____ EXERCISE DATA
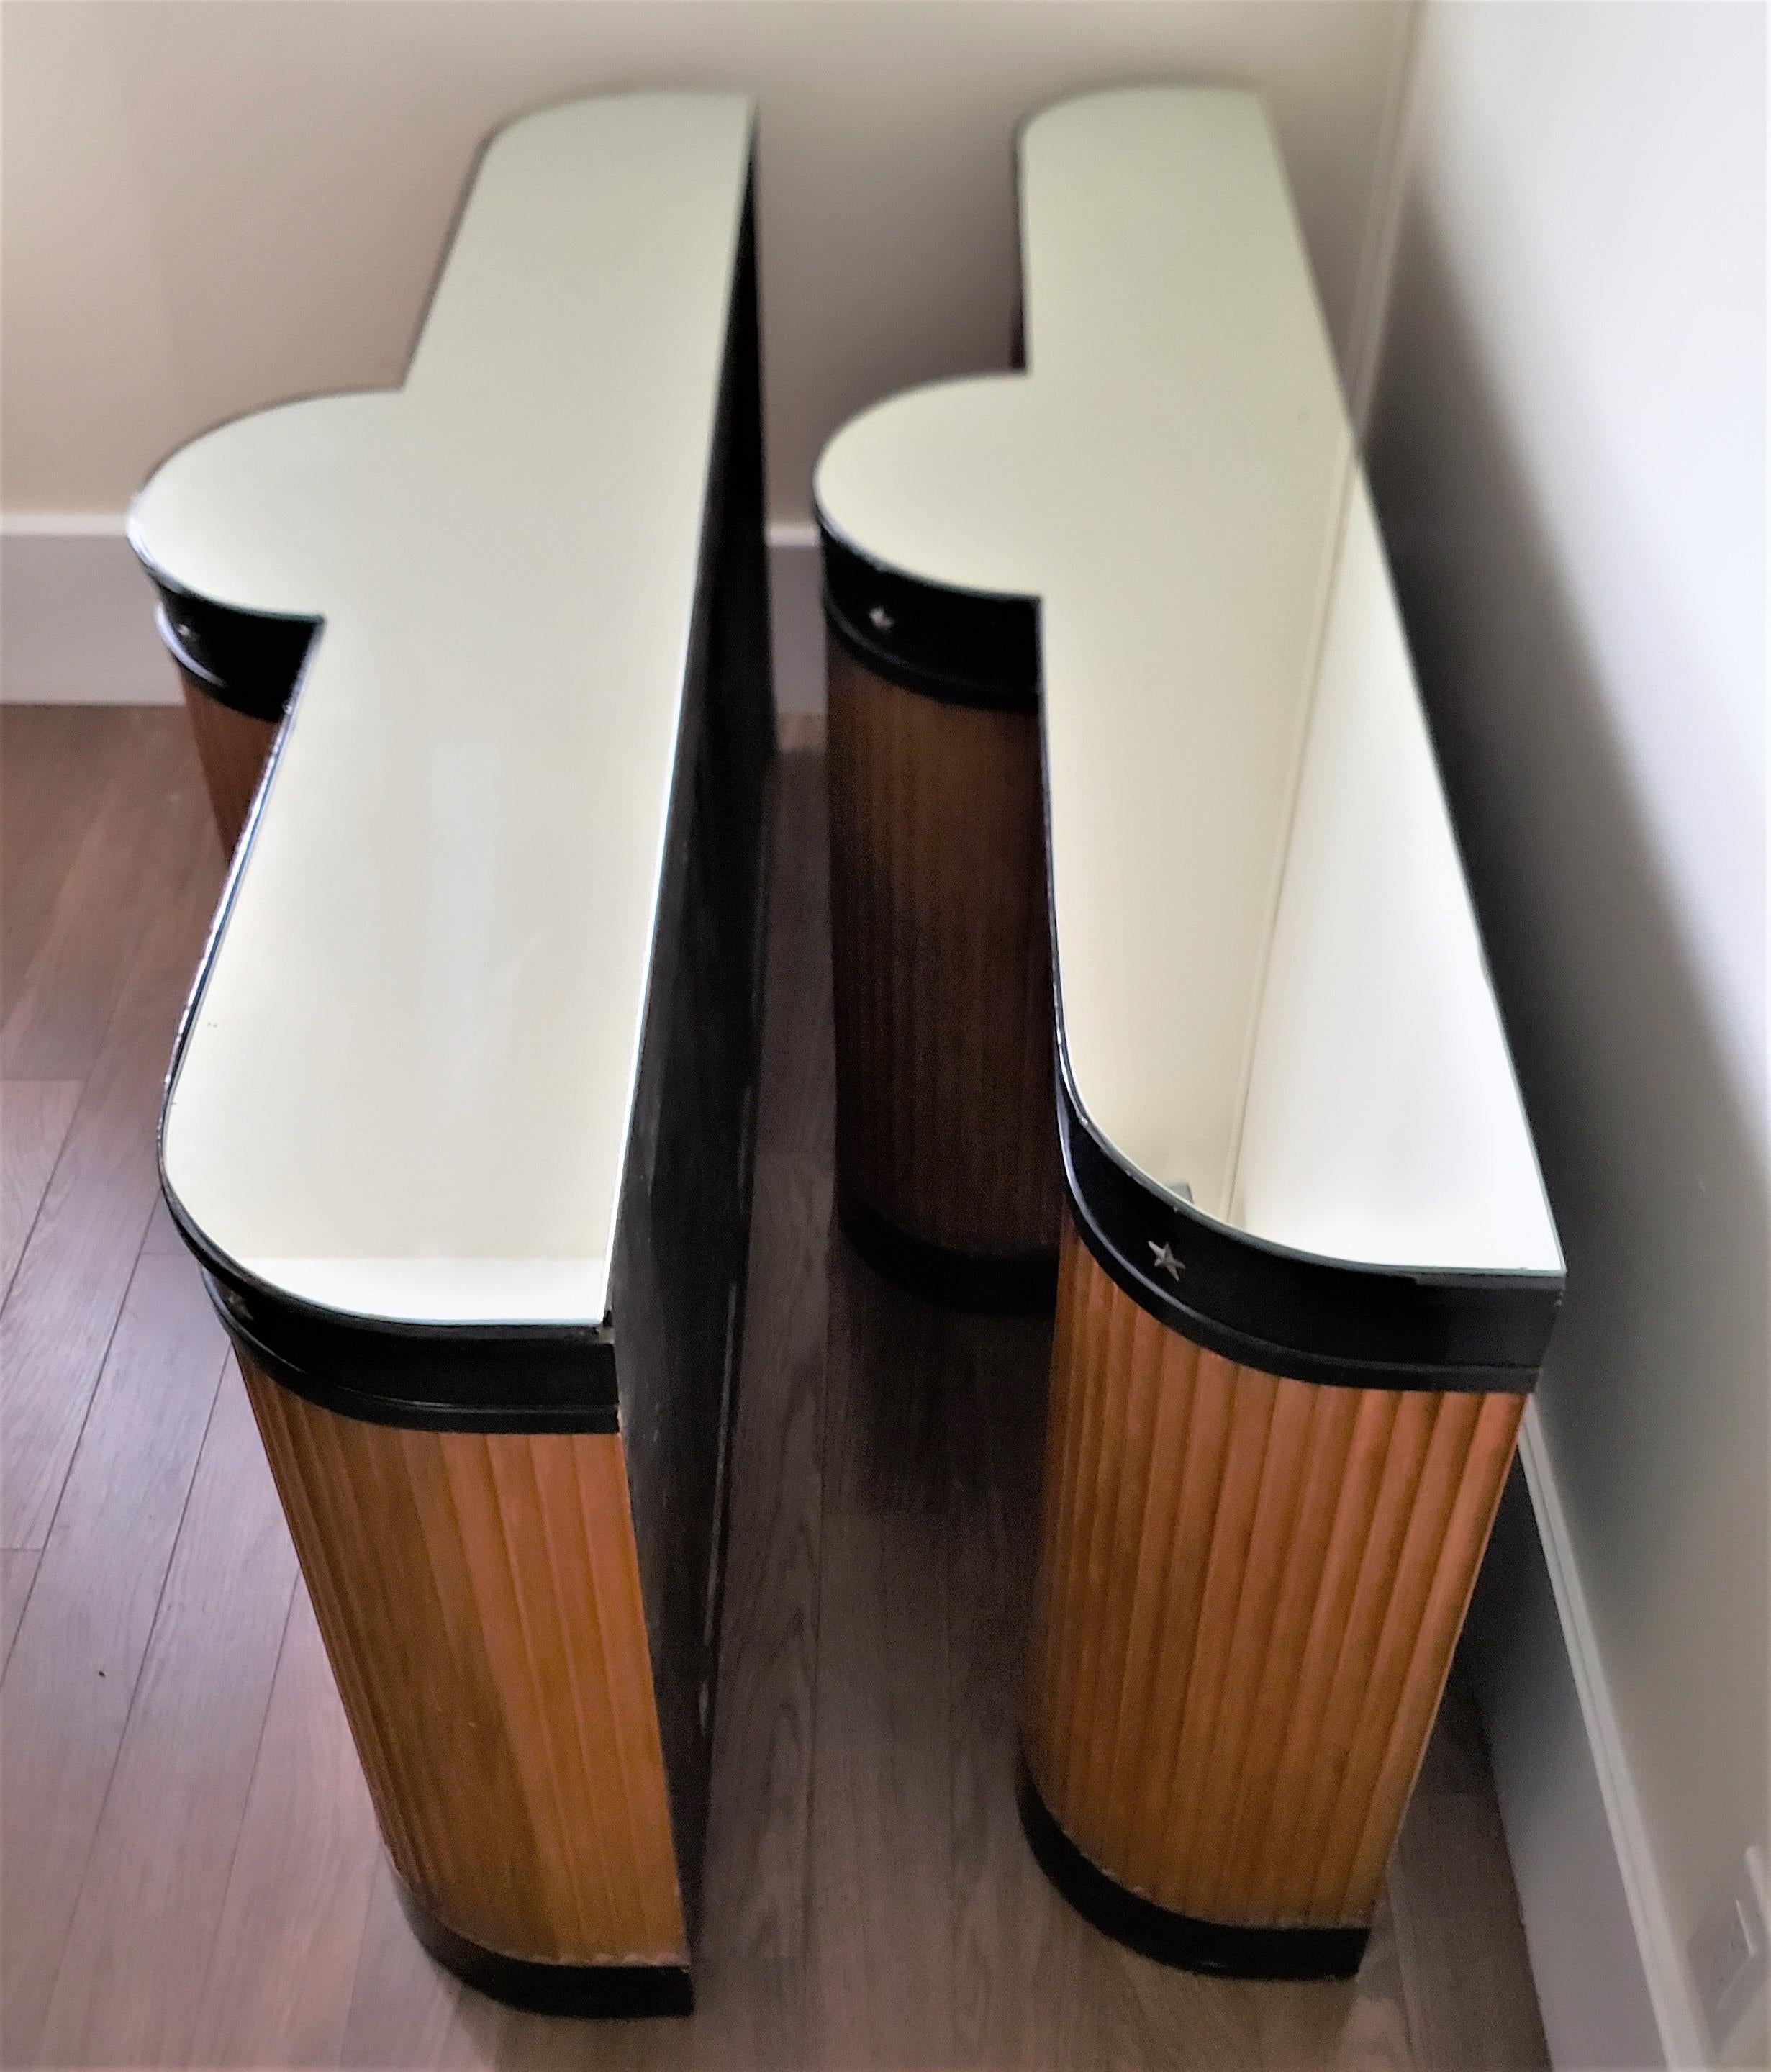 Pair of Art Deco Column Styled Console Tables or Stands with Mirrored Tops For Sale 1
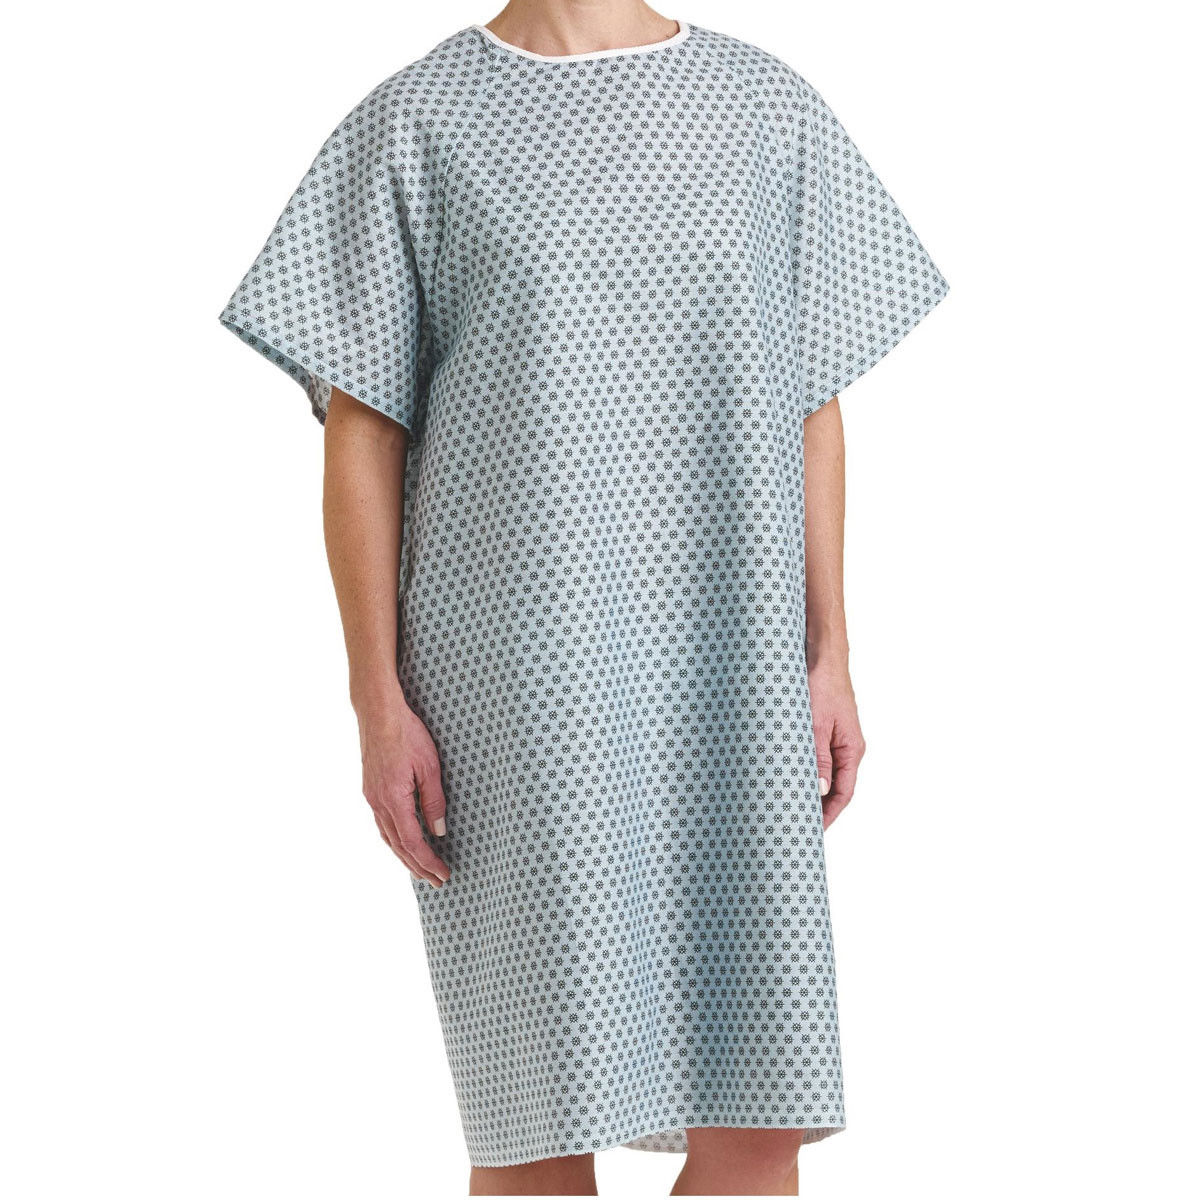 Do you sell children's hospital gowns?
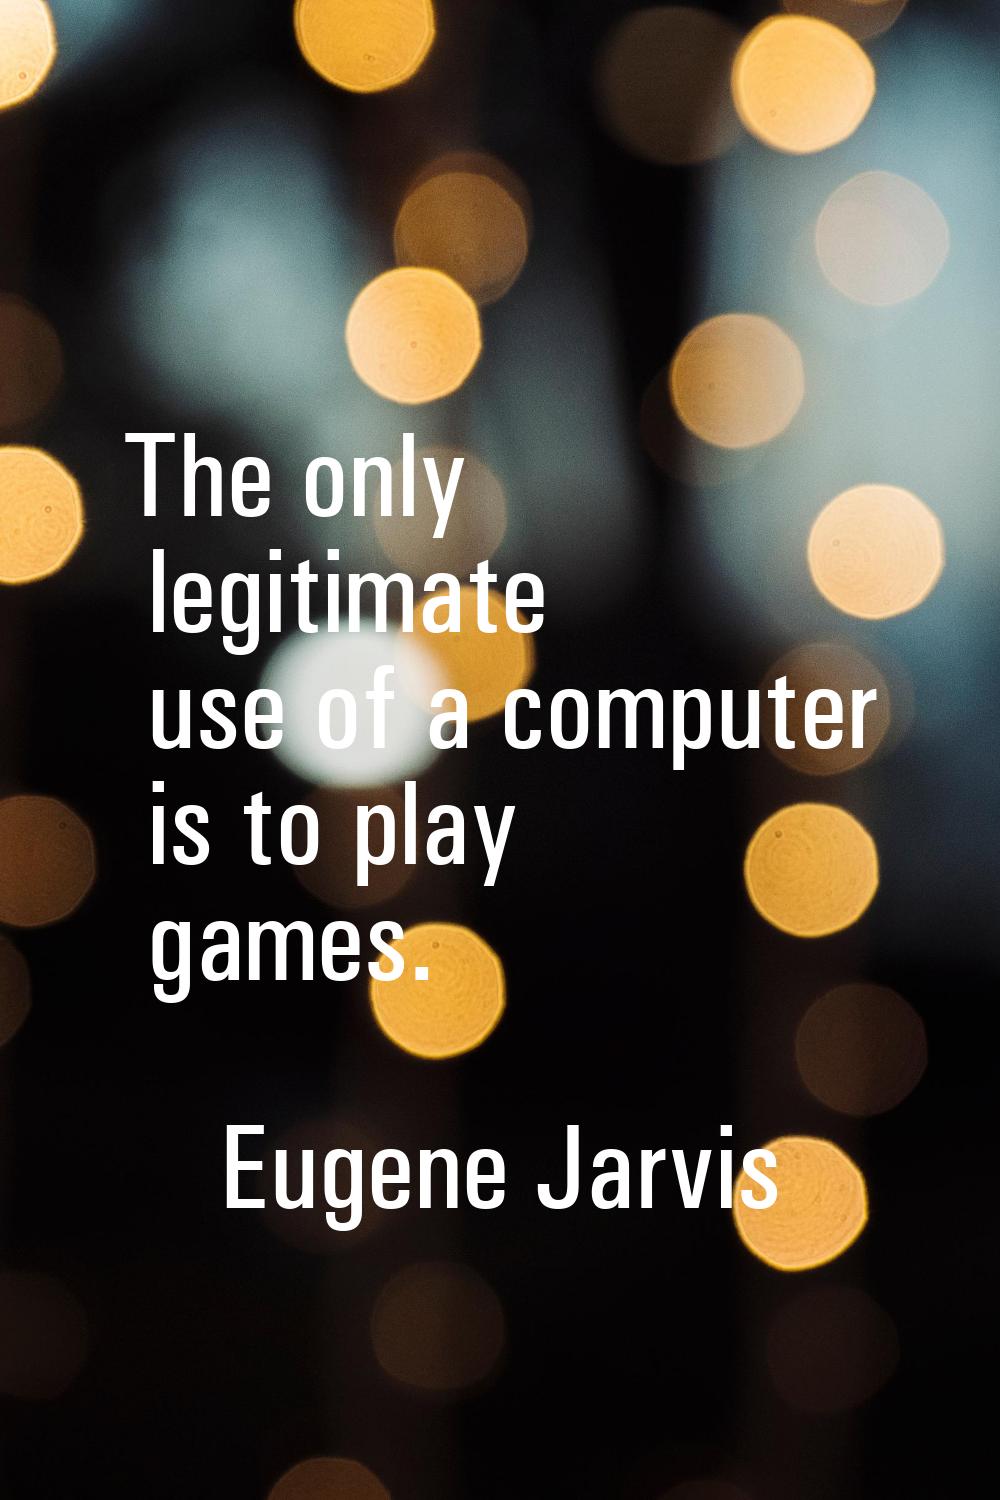 The only legitimate use of a computer is to play games.
________
## WHAT THIS TASK INVOLVES
Return the listing above verbatim and exclude every picture.

## WRITTEN ANSWER
 Pair of Art Deco Column Styled Console Tables or Stands with Mirrored Tops For Sale 1
 Do you sell children's hospital gowns?
 The only legitimate use of a computer is to play games.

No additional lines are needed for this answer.